I think our next trend culturally (and maybe both in the church and beyond the church in the West we're already there), is considering our epistemologies with respect to our bodies. Feminisms (vs sexisms), abolitionisms (vs racisms and tribal supremacies), addiction recoveries (vs alcoholism and so forth) start with the body. So does Christianity from its (pardon the pun) infancy. But I think there's much more than meta-physics / physics in the incarnation of Jesus Christ, even in a Virgin birth. Sven's quiz doesn't get there yet. Which is why, I suppose, I'm so far still equally and predominantly only postmodern/emergent AND evangelical holiness/wesleyan; lesser and nearly equally neoortho AND reformed evang; lesser and nearly equally fundy AND classical lib AND charismatic/pentecostal; but more roman catholic than mod lib. I ask your question, Suzanne: "Am I conservative? In some ways very much so and in other ways not at all."

Matthew Celestine said...

I did that test a while ago and it said I am 99% fundamentalist.

Suzanne McCarthy said...

Matthew,

I grew up in the most exclusive of the exclusives, but in those days, long ago, when I was young, ;-) we had freedom to interpret the geological record as we saw it.

I deeply respect my parents who were able to hold to their very fundamentalist views and still be open in welcoming so many to their home. They opened their home to many foster children and adults in need of respite, some experiencing depression, others were homosexual.

For me - learning Hebrew at age 17, I felt that many certainties we hold in regards to scripture are overdone.

I especially experienced this when studying Psalm 68 which has in it 13 words which do not occur elsewhere in Hebrew literature and are therefore unknown. The mystery of the text, and the subjectivity which we have in regards to the text was impressed on me again.

Anonymous said...

I find a lot that resonates with me in both the post and the comments here.

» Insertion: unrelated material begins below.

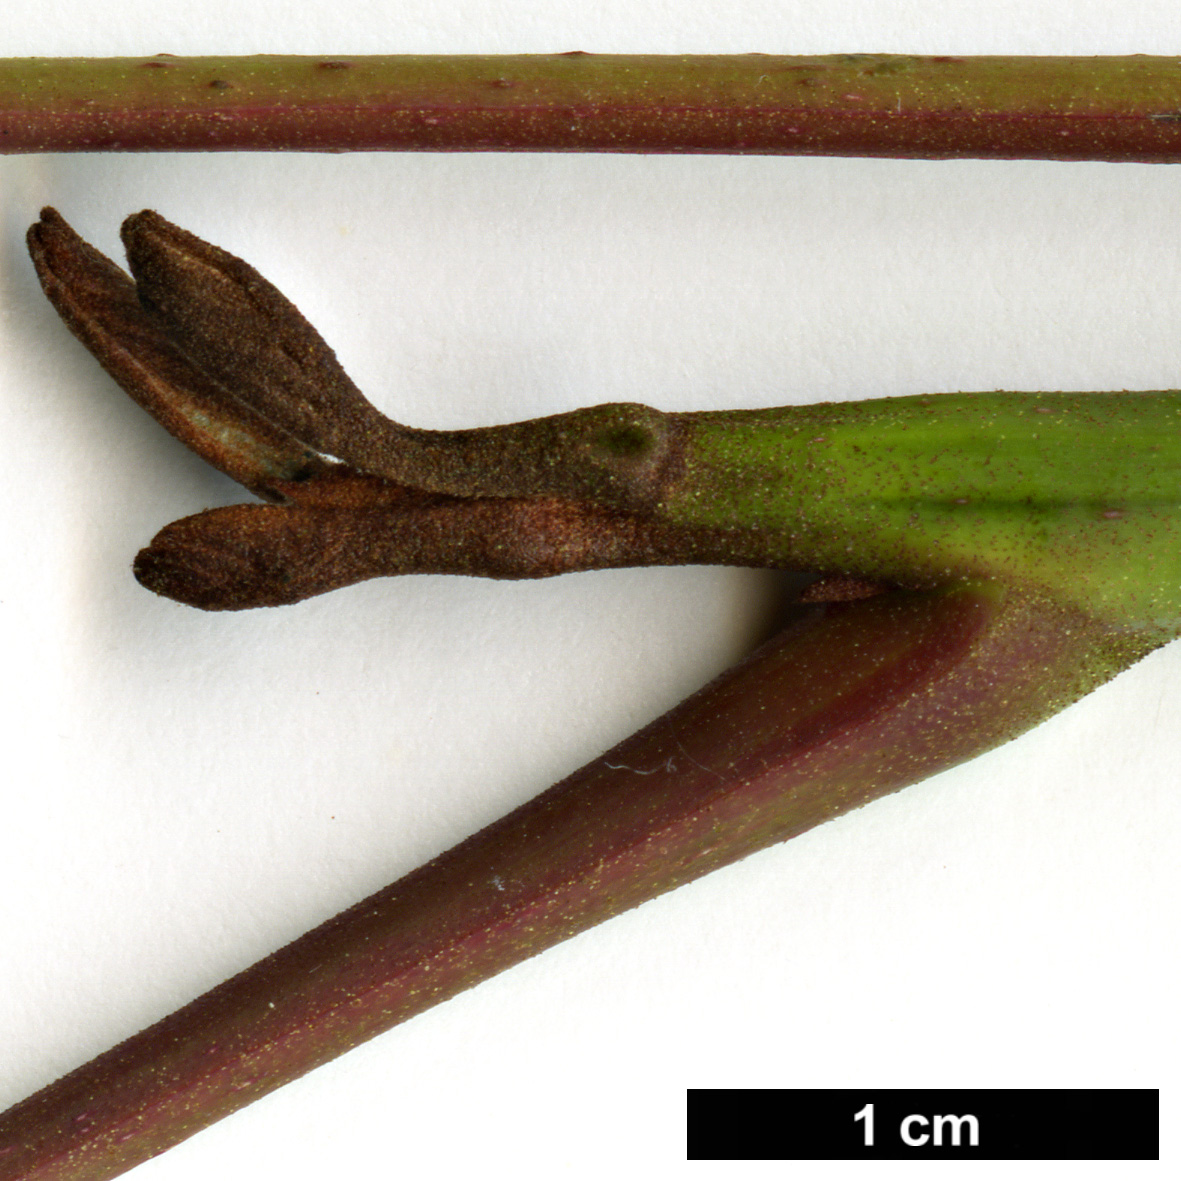 High resolution image: Family: Juglandaceae - Genus: Pterocarya - Taxon: hupehensis

I am encouraged by the illustration of your parents holding strongly to their fundamentalists beliefs and opening their home to so many people.

I agree that Christian belief can never be extracted from the cultural matrix it is being lived out in. I suppose God is using this reality to chip away at some of my arrogance towards believers in the fundamental theology tradition. Because when I can back up and see it as a cultural matrix where God can be at work, He surprises me. And I find myself loved by and even taught by people who I disagree with in many areas and who I otherwise would have written off totally.

I agree with the comment that "many certainties we hold in regards to scripture are overdone." I don't think any less highly of scripture because of that. I suppose my view of Scripture has even gone up in proportion to my uncertainty about what it all means. I hold more tightly to scripture and to the God I know through it and less tightly to certainties in my understanding of God and the Bible.

Suzanne McCarthy said...

DMW,

Thanks for these thoughts. I regret that I did not respond to your earlier comment on divorce and children. I am working through these things myself at present and am rather at a loss as to what to do over some of them.

Eventually children need to know the whole story and I sincerely hope that they can look forward to a more whole relationship for themselves.

Anonymous said...

Well, I'm more fundamentalist than you, but you are probably not surprised. Curiously enough, I'm also significantly more Roman Catholic than you are (in fact, I'm as Catholic as I am fundamentalist) - that probably wouldn't have been the case if I had taken the quiz a year ago.

Results from my quiz:
Evangelical Holiness/Wesleyan - 96%
Reformed Evangelical - 71%
Neo orthodox - 64%
Fundamentalist - 61%
Roman Catholic - 61%
Emergent/Postmodern - 57%
Charismatic/Pentecostal - 54%
Classical Liberal - 50%
Modern Liberal - 11%

I think this would be about right in terms of my influences if instead of Roman Catholic it said Catholic/Anglican/Orthodox, except that I think you're right that the Emergent/Postmodern is ranking unduly high. I wonder which questions that is due to?

Unknown said...

I want to use this quiz as a conversation starter this week in a program I lead in my church.

So far, I have not been able to find the definitions of all the categories.

Could someone help me find them, please?